The video and Blake’s excellent presentation provide a tantalizing taste of the benefits of Habitat but I don’t think you can experience the real substance of Habitat without actually showing up in your grungies for one of the construction days.  On my first time on the job my initial impression was actually kind of negative. Anyone who has ever used a framing nailer attached to an air compressor…or even seen one used…knows immediately that this is not the most efficient way to build a house. In fact, it can be a amusing watching a little 98 lb lady with a three dollar hammer tap-tap-tapping a 16 penny nail into a wall plate.

But you soon understand that efficiency isn’t what it’s all about. The number of houses is just the most visible metric of the program and the easiest to quantify. Much more important is what the houses mean to the owners and the community.  Most Rotarians are at least middle class earners and their choice of a home has more to do with preferences in style or neighborhood than anything else. For most of the Habitat clients it’s much more basic than that…it’s safe shelter that they can’t be forced to leave if they meet their obligations. And with a 2% foreclosure rate it’s clear that most do. The fact that the homes are nice is just gravy.

Habitat investments in neighborhoods are often the spark that encourages further development. Again that’s easy to see. What’s less visible is neighbor helping neighbor and the mutual concern for each other that develops and not just among neighbors on the block but in the neighborhood of man.

It’s also good for Rotary. I’ve been a member of this club for many years but if I had to point to a moment when I really became a Rotarian, it was during that first day or so swinging a cheap hammer with my fellow club members. There may have been a wide, wide range of construction skills but there was plenty of big, big hearts.

Rotary Minutes – Brantley DeLoatch

President Don announced that in preparation for our the big celebration of our Centennial right around the corner that he had scanned two previous histories of our club, one that spanned the timeframe 1915 to 1955 and the other from 1955 to 1990 and had them posted on our website.  When introducing Brantley DeLoatch (Brant) for his Rotarian minutes, President Don noted that Brantley was mentioned in both of those books. In fact, Brantley joined Rotary in January of 1946, the same year I was going vertical and taking my first baby steps.

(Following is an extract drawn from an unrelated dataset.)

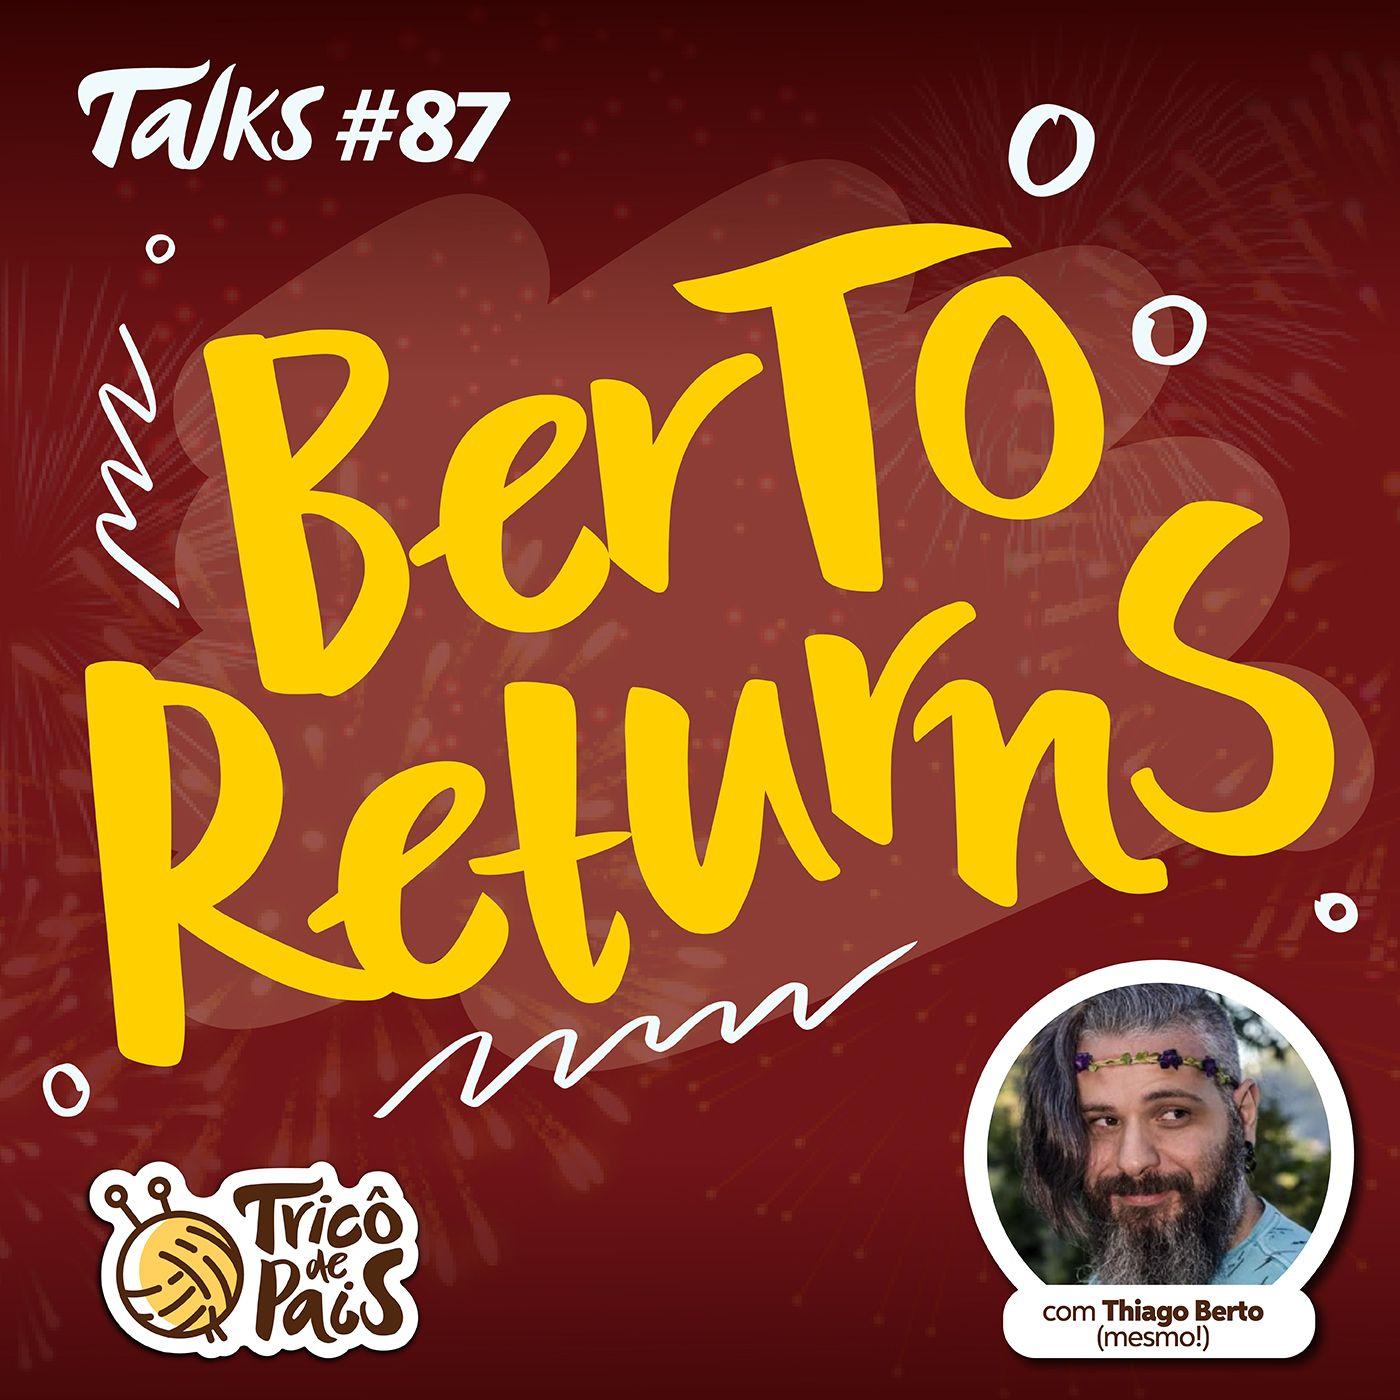 Tricô Talks 087 - Berto Returns

Brantley got a whoop from Anna Jones when he mentioned his origins inNorthamptonCountywhere she was also born and raised. Like most men of the Greatest Generation Brant’s career was interrupted by World War II. I’ve known Brant for a while but one thing I learned is that he got his navy training at Notre Dame. Brant spent a fair amount of his time at the podium sharing his war time experience including a chance reunion on a golf cart in Pinehurst with a Marine who was rescued from the South Pacific when Brant navigated the battleship he was assigned to on a mission into those treacherous waters.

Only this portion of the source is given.